Young and Old

My daughter went to a memorial service tonight for a 20 year old friend who passed away suddenly. Tomorrow I will be going to a memorial service for an 84 year old friend who passed away after the long, slow decline of Alzheimer’s. I wrote yesterday about the young and today I am writing about the old.

My elderly friend, of course, was once a younger woman. She was my Sunday School teacher and the leader of Girl’s Auxiliary in my church. She was one of many who helped me grow in my faith. She was always there, always serving. She had a daughter of her own, but she loved all of us girls. She also loved to talk on the phone. If you called her, you had to do it when you had a lot of time on your hands, because there was no way you’d get off the phone without a l-l-o-o-o-n-n-n-g-g conversation. When I got married, she and two other women at my church gave me a shower and helped my mother with the rehearsal dinner and reception.

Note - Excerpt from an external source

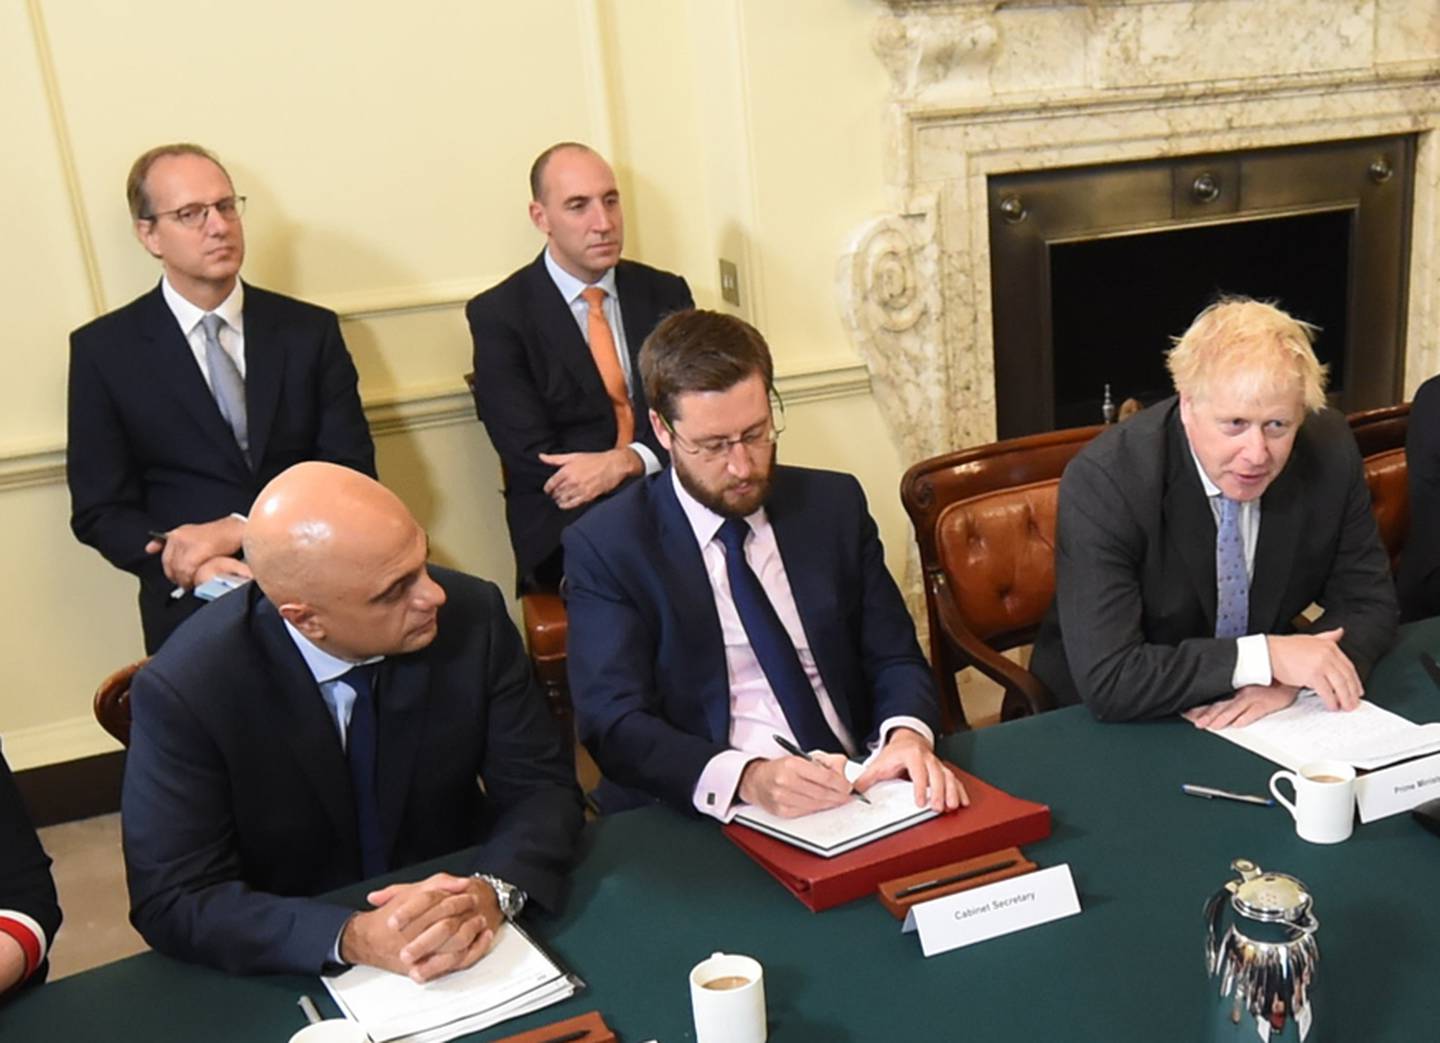 Martin Reynolds, the prime minister's principal private secretary, seated back left, is expected to be purged from Downing Street as part of a mass clear-out of aides. PA

She and her husband became good friends of my mom and dad when they were all retired. They would go out to eat and even take short trips together. When her husband got cancer, she was a loving caretaker. After he passed away, she moved to Tennessee and lived near her daughter. They would come back to visit a few times every year. But it’s been a long time now since one of those visits.

Tomorrow we will remember and celebrate a life well-lived, an unselfish life, and a happy life. We will remember faith and family and friends, and how these are the center of life. We will be reminded to find ways to serve others, to love our family and friends well and always. To cherish the beautiful mind and the power to think, remember, and relate to others. To live fully the days we have, because…

No matter the number of years… Life. is. short.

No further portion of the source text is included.